This study optimizes the C++ code and running pipeline of the MITE Uncovering SysTem (MUST) by assuming no prior knowledge of MITEs required from the users, and the current version, MUSTv2, shows significantly increased detection accuracy for recently active MITEs, compared with similar programs. The running speed is also significantly increased compared with MUSTv1. We prepared a benchmark dataset, the simulated genome with 150 MITE copies for researchers who may be of interest.

Conclusions

MUSTv2 represents an accurate detection program of recently active MITE copies, which is complementary to the existing template-based MITE mapping programs. We believe that the release of MUSTv2 will greatly facilitate the genome annotation and structural analysis of the bioOMIC big data researchers.

1 Background

Transposable elements are genetic components that trans-locate themselves within or across genomes, and are classified as autonomous or non-autonomous elements based on whether they encode the enzymes for translocations [1], [2]. Miniature inverted repeat transposable elements (MITEs) have been found in both eukaryota and prokaryota [1], [3]. MITEs and other transposons played essential roles in the evolution procedure of plant genomes [4], [5], [6]. Although MITEs are short in lengths (100–600 bps), they are well-known for their active translocations and high copy numbers [3], [7]. This feature makes them ideal for developing insertion mutagenesis techniques.

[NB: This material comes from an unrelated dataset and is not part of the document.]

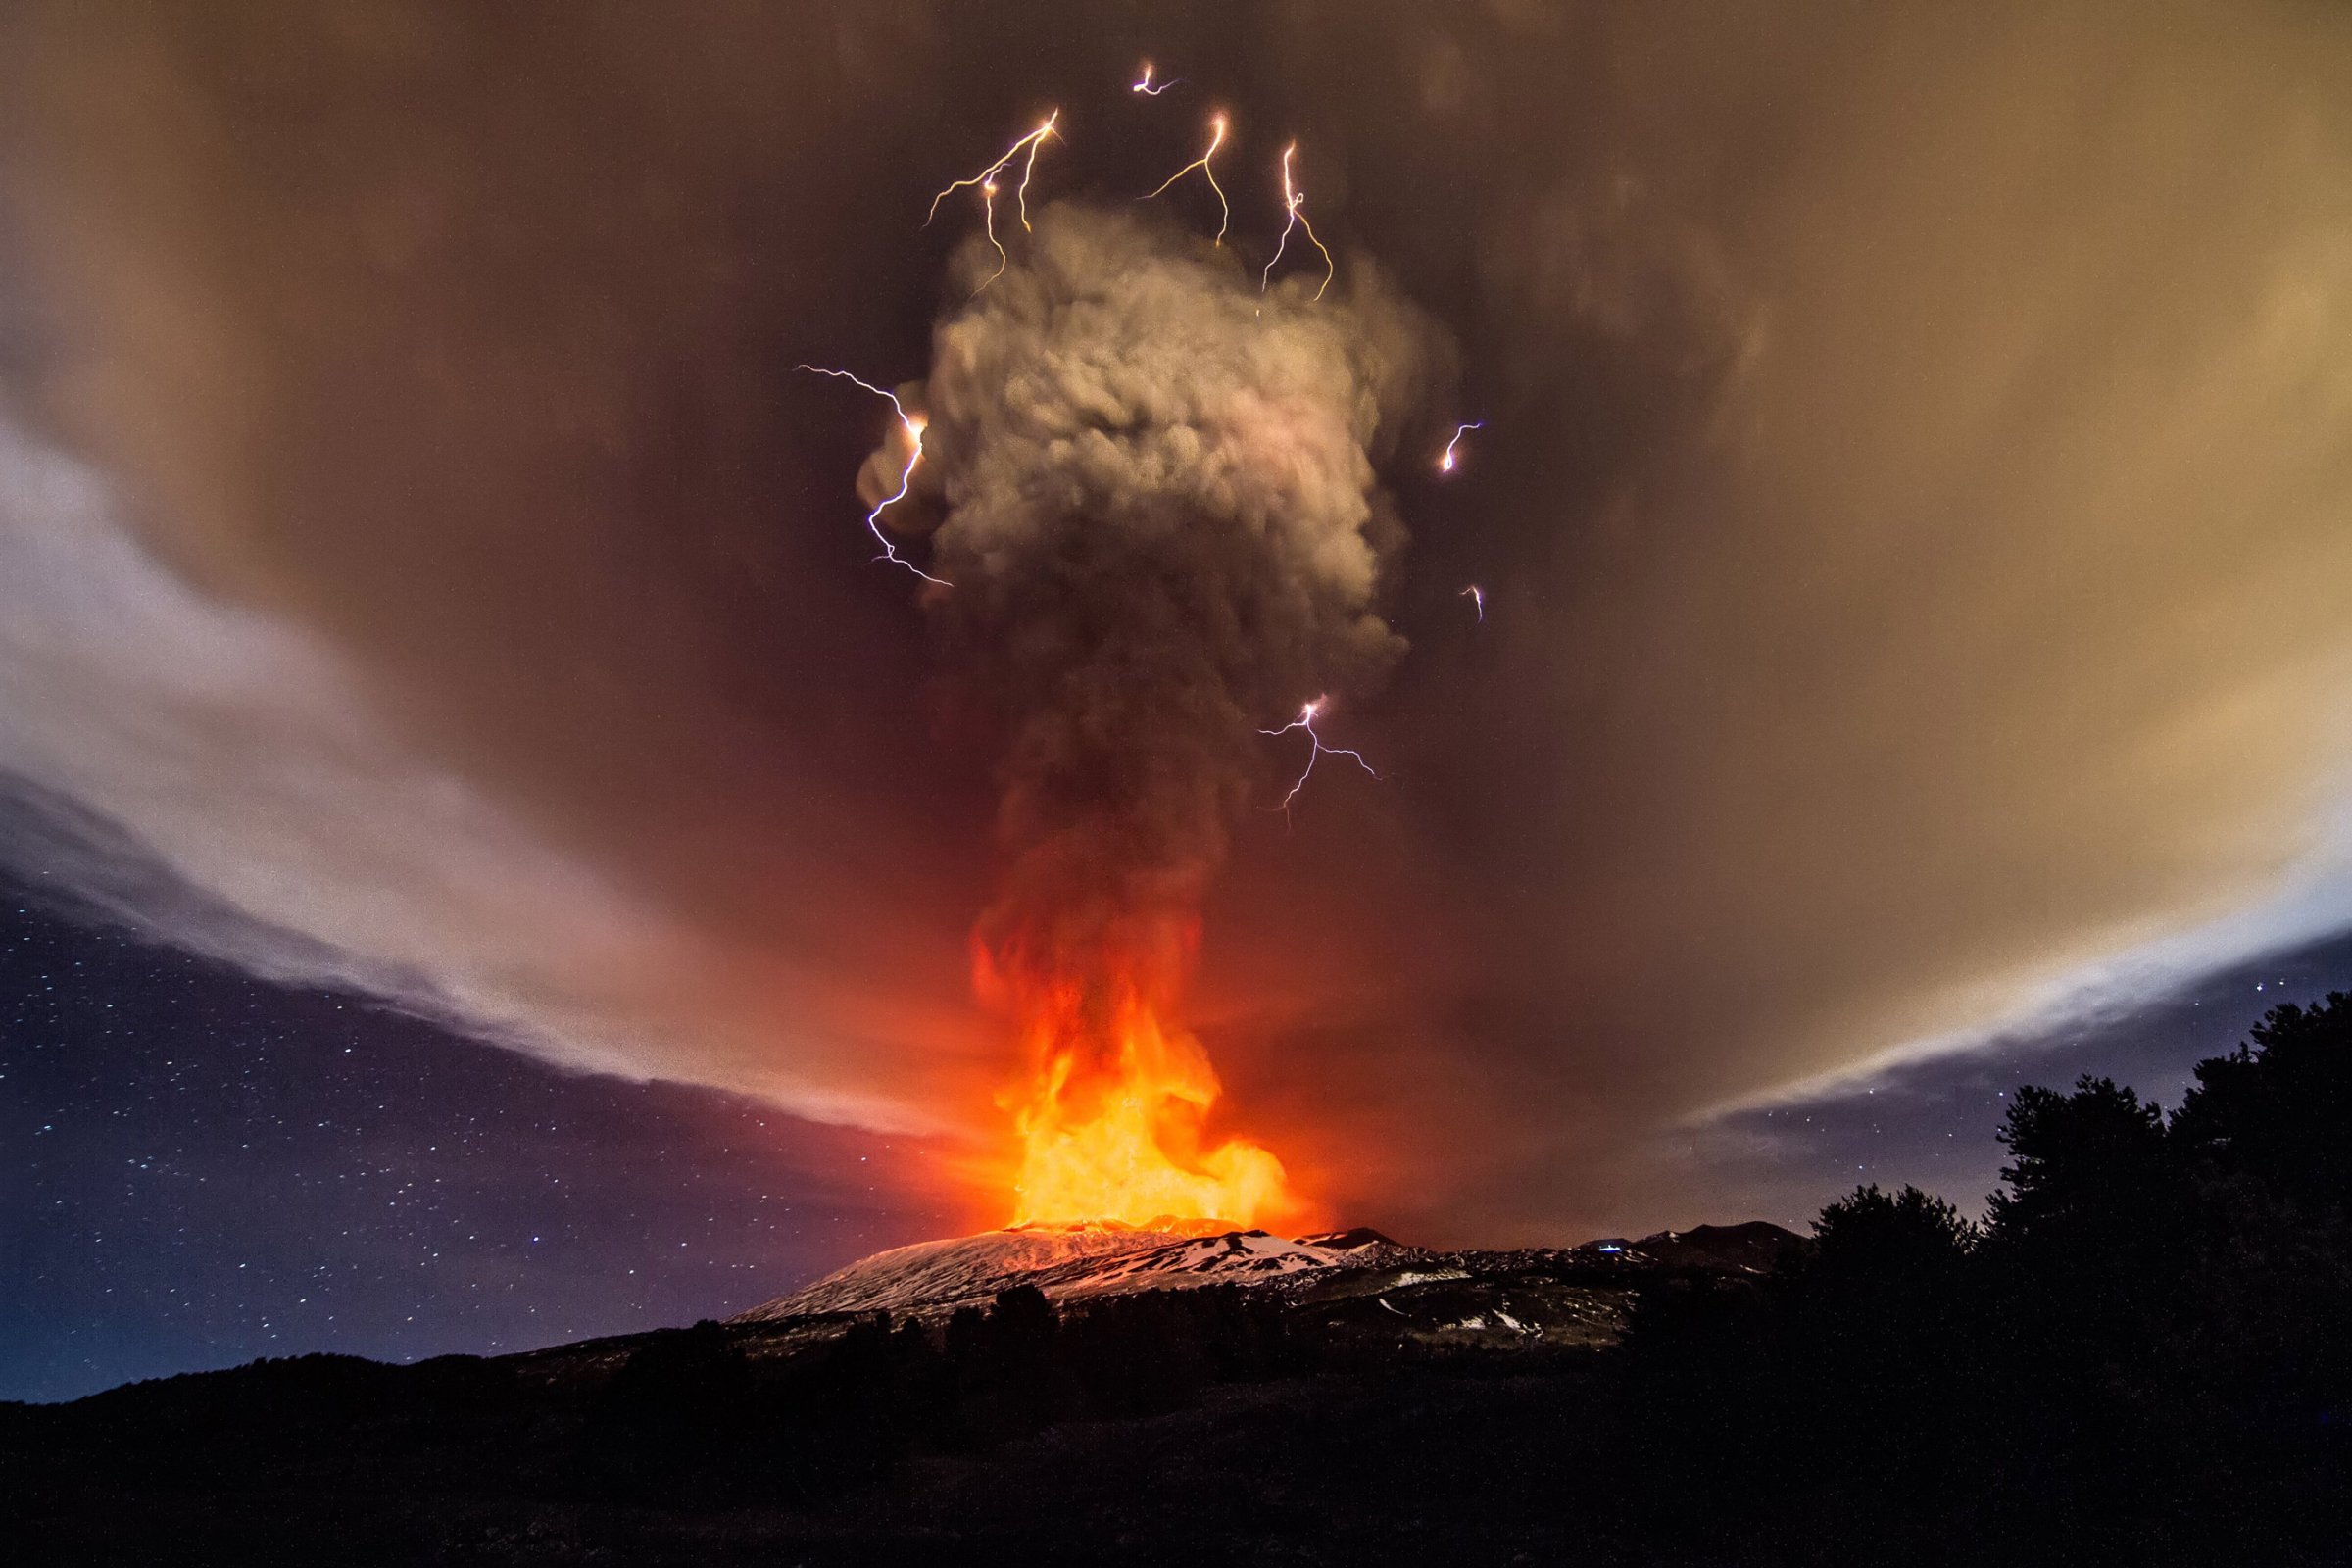 A volcanic eruption at Mount Etna's Vorgaine crater on Dec. 03, 2015 in Sicily.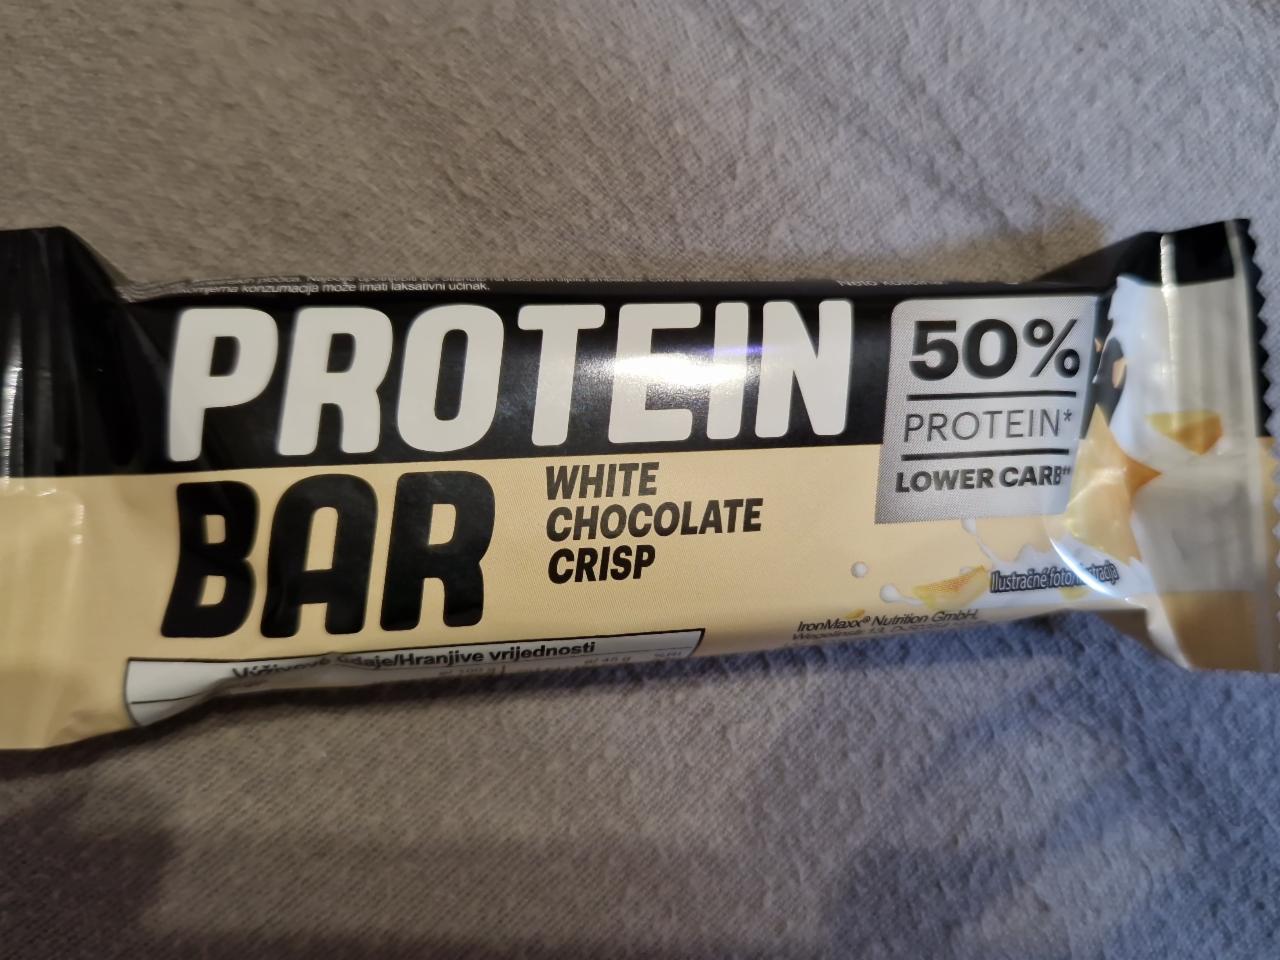 Fotografie - Protein bar white chocolate crisp 50% protein

MITEs have a number of sequence level features. They are usually 100–600 bps in length, have a pair of highly precise reversely complementary terminal inverted repeats (TIRs), are flanked by a pair of almost identical direct repeat (DRs), and tend to be AT-rich [3], [8]. Unfortunately, the majority of large-scale transposable element (TE) annotation studies focus on the sequence similarity of TE copies to the template, and provide no knowledge about MITE’s sequence features, i.e. TIRs and DRs [9]. A recently active MITE copy has a pair of TIRs and DRs, and is almost identical to its parent copy. The host genome evolution facilitated by the natural insertion mutagenesis only occurs when MITEs proliferate. So it is important to detect the recently active MITE copies and to investigate how they proliferate within and between genomes. Some species-specific MITE databases were curated from the literature [10], [11], [12].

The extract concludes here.